The State Bank of Vietnam, created in 1951, was the central bank of issue for the DRV, with numerous branches throughout the territory and an extensive agricultural and industrial loan service; in 1976, it became the central bank of the SRV. Foreign exchange is regulated by the Foreign Trade Bank. The Bank for Agricultural Development provides loans to the agricultural and fishing sectors.
Financial chaos became a constant threat during the final years of the RVN. The National Bank of Vietnam (NBV), established in 1954, was the sole authority for issuing notes, controlling credit, and supervising the formation of new banks and changes in banking establishments.
In early May 1975, shortly after the fall of Saigon, the new revolutionary regime announced the temporary closure of all banks in the south, although the RVN piaster continued to circulate as the only legal tender. Two months later, the National Bank of Vietnam was reopened under new management. Stringent regulations were announced to control inflation and limit currency accumulation. All private Vietnamese and foreign banks were closed in 1976. By then, the Hanoi regime had ordered a complete withdrawal from circulation of the RVN currency and its replacement by the dong, in use in the north.
Since the banking reorganization of July 1988, but particularly since 1992, Vietnam has moved to a diversified system in which state-owned joint-stock, joint-venture, and foreign banks provide services to a broader customer base. The first foreign representative bank office arrived in 1989. In 1992, foreign banks were granted permission to open full commercial branches. The government set up the Bank for the Poor in 1995, and gave it the task of lending to "the poor living in underprivileged areas." As of December 1998, in addition to four state-owned commercial banks, there were numerous joint-stock banks, foreign bank branches, joint-venture banks and foreign banks with representative offices.

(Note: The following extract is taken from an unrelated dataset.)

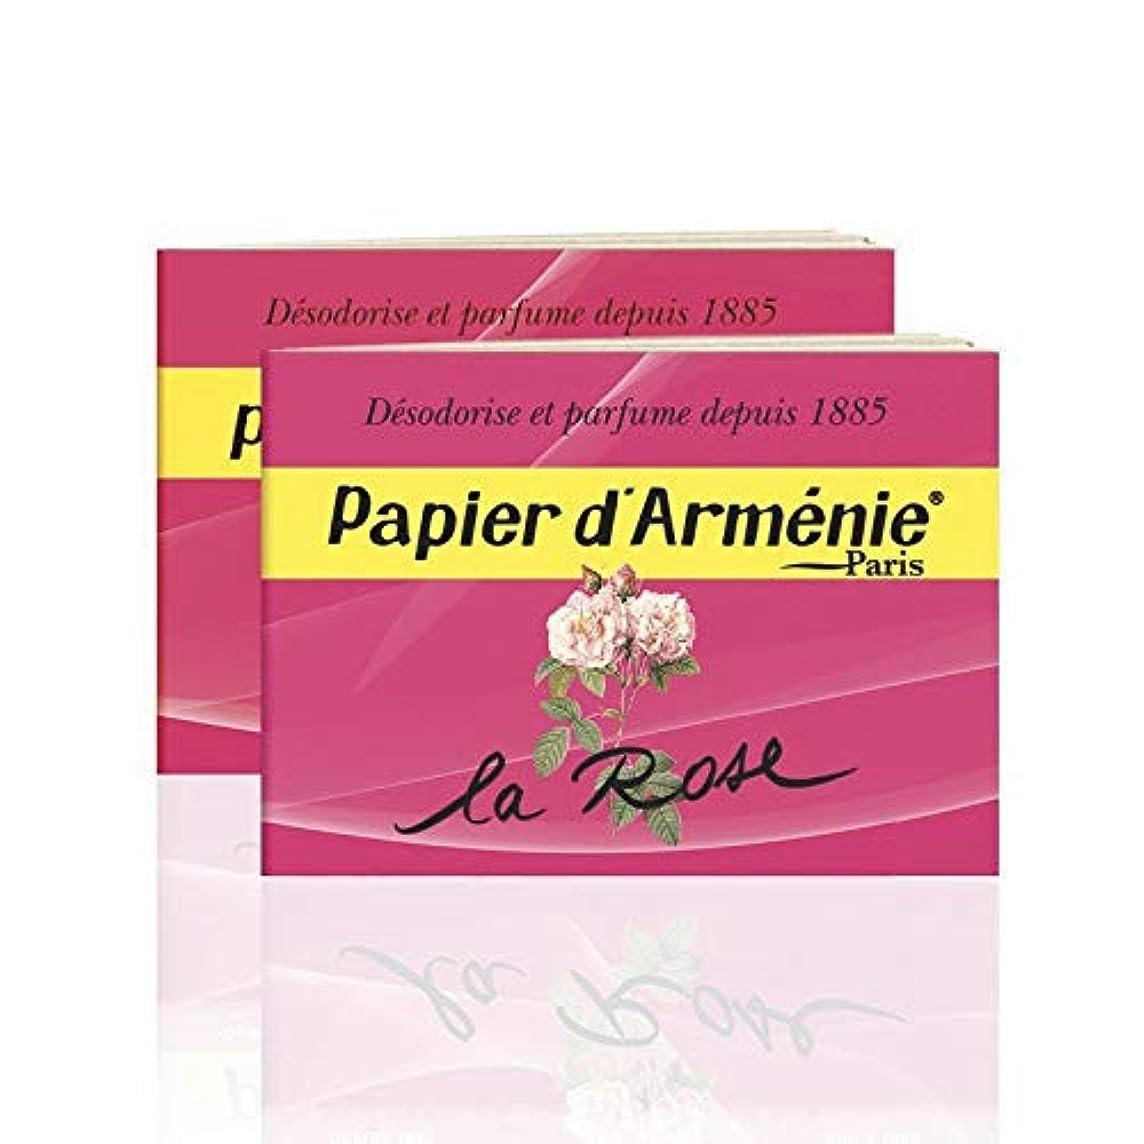 小麦粉北極圏ラリーパピエダルメニィ ローズ Papier d'Armenie La Rose (3)

Foreign banks only recognize three of the joint-stock banks as viable partners, however.
The state banks still dominate the system, state enterprises are still the main borrowers, and their lending is still predominantly short-term because of the skewed interest rate structure. These banks are the Bank of Foreign Trade (Vietcombank), the Vietnam Industrial and Commercial Bank (Incombank), the Vietnam Bank for Agriculture and Rural Development (BARD), and the Vietnam Bank for Investment and Development (BIDV).
Two banking decrees, issued in October 1990 and governing respectively commercial banks, credit cooperatives and other financial institutions, and the State Bank, aimed to regulate the financial system more strictly. Credit cooperatives had to be licensed by the State Bank rather than by local People's Committees. The first decree also gave the state commercial banks greater autonomy, and permitted them to compete with each other and to seek capital from sources other than the state. The second decree introduced new instruments through which the State Bank could control the banking sector, including open-market operations and varying reserve requirements and discount rates.
Despite these changes, the banking system is in poor health. Public confidence in the system remains low. Only 4% of all potential holders of accounts have actually opened one. There were only 10,000 bank accounts in the entire country of 80 million people in 2002. As of 2002, the Vietnam banking system had gained little international confidence, although international audit standards are beginning to be implemented. Loan fraud investigations and low loan liquidity have brought bank finances under scrutiny. The International Monetary Fund reports that in 2001, currency and demand deposits—an aggregate commonly known as M1—were equal to $7.6 billion. In that same year, M2—an aggregate equal to M1 plus savings deposits, small time deposits, and money market mutual funds—was $17.1 billion. The discount rate, the interest rate at which the central bank lends to financial institutions in the short term, was 4.8%.
In July of 2000, the Vietnam Stock Exchange opened its doors for the first time.